Critique : Outrage – Le retour du roi

Affiche du film Outrage sur laquelle Takeshi Kitano est pris en contre-plongée et pointe son arme vers l'objectif.

Depuis l’excellent Zatôichi, Takeshi Kitano nous a concocté une trilogie auteuriste (Glory to the filmaker, Takeshi’s, Achille et la tortue) qui a reçu des critiques mitigées mais qui était cependant représentative de la volonté d’innovation et des questionnements artistiques du bonhomme. En 2010, il a décidé de revenir à son genre de prédilection, celui qu’il a sublimé dans des longs métrages tels que Sonatine, Hana Bi ou Aniki mon frère, le film de yakuzas.

Dans ce retour aux sources, nous suivons la déconstruction d’un clan à travers de multiples trahisons, massacres et divisions. Beat Takeshi y interprète Otomo, un yakuza qui a pour ordre de détruire le clan Murase car le chef de ce dernier a un lien de fraternité avec Ikemoto, le chef d’Otomo, et cette alliance ne plaît pas du tout au grand Président, Sanno-kai. N’hésitez pas à relire ce paragraphe une deuxième fois et rassurez-vous, ce n’est pas très clair pour nous non plus.

Outrage est à la fois très simple et très complexe. Simple dans le sens où le long métrage n’est qu’une succession de tueries, de retournements de situation ultra-violents et l’on constate immédiatement que Kitano n’a rien perdu de son talent pour mettre en scène des carnages. Complexe car son film est plus profond qu’il n’en a l’air. Si tous les événements du scénario suivent une ligne directrice logique, Kitano utilise un ton ironique inattendu en montrant les rouages d’une organisation qui court à sa perte. Conclusion d’un genre qu’il a exploré sous de nombreux aspects ? Mélancolie d’une époque révolue ? On ne sait pas vraiment ce qui motive le cinéaste, et même si Outrage est loin d’être son œuvre la plus mémorable, elle n’en demeure pas moins aboutie et subtile.

Photo de Takeshi Kitano dans Outrage qui s'apprête à éliminer un yakuza dans une salle de bains.

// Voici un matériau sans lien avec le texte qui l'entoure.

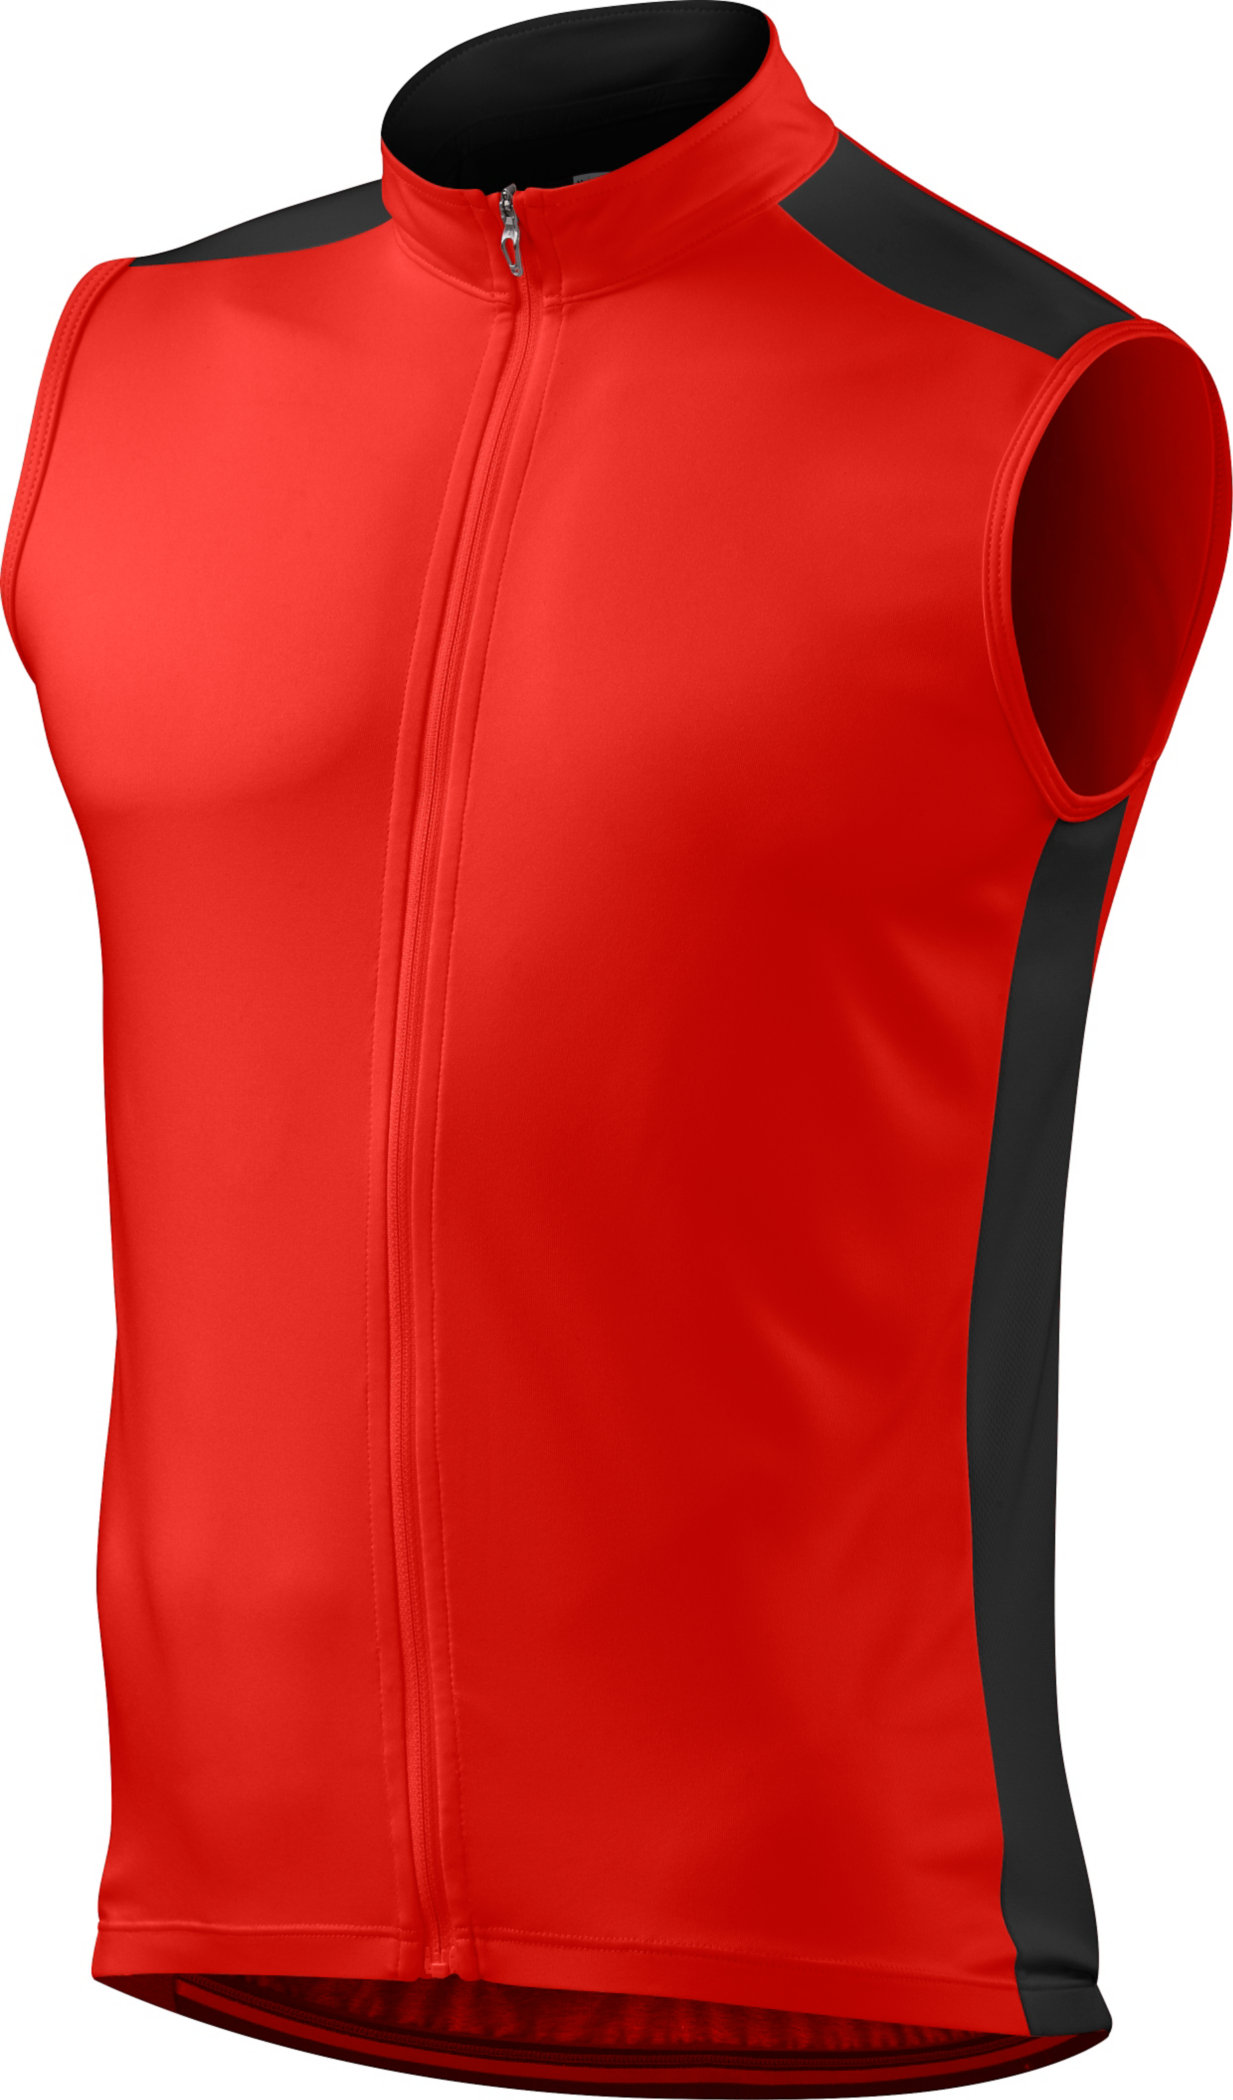 Specialized RBX Sport Sleeveless Jersey Red Medium - Alpha Bikes

Kitano filme une hiérarchie qui part complètement en sucette. Finies la loyauté qui unissait les clans et la fraternité à toute épreuve qui faisaient la beauté d’Aniki mon frère. Ici, tout le monde se met des bâtons dans les roues et paradoxalement, personne ne surveille ses arrières. Nous avons l’impression que Kitano voit les yakuzas comme une bande d’imbéciles qui se croient plus malins que les autres. Et pour ponctuer le tout, il fait s’en sortir les plus lâches. Le second degré n’est jamais explicite et tout l’aspect ultra-réaliste des tueries qui s’enchaînent finit par devenir absurde. C’est d’ailleurs ce qui fait le charme d’Outrage.

Avec sa réalisation lente, Kitano prend son temps et il faut avouer qu’il a été difficile pour nous de rentrer pleinement dans le sujet. Nous avons fini par nous prendre au jeu et heureusement car la dernière demi-heure est assez passionnante. Certains plans sont géniaux et nous sommes convaincus que Beat Takeshi restera l’un des meilleurs réalisateurs japonais contemporains.

Brutal, sanglant, Outrage est le retour d’un cinéaste à ce qu’il sait faire de mieux. Même s’il déçoit légèrement et peine à capter notre attention, le dernier long métrage de Kitano est tout de même indispensable pour les amateurs et offre un bon moyen à ceux qui ne le connaissent pas de découvrir son style et sa maîtrise inépuisables.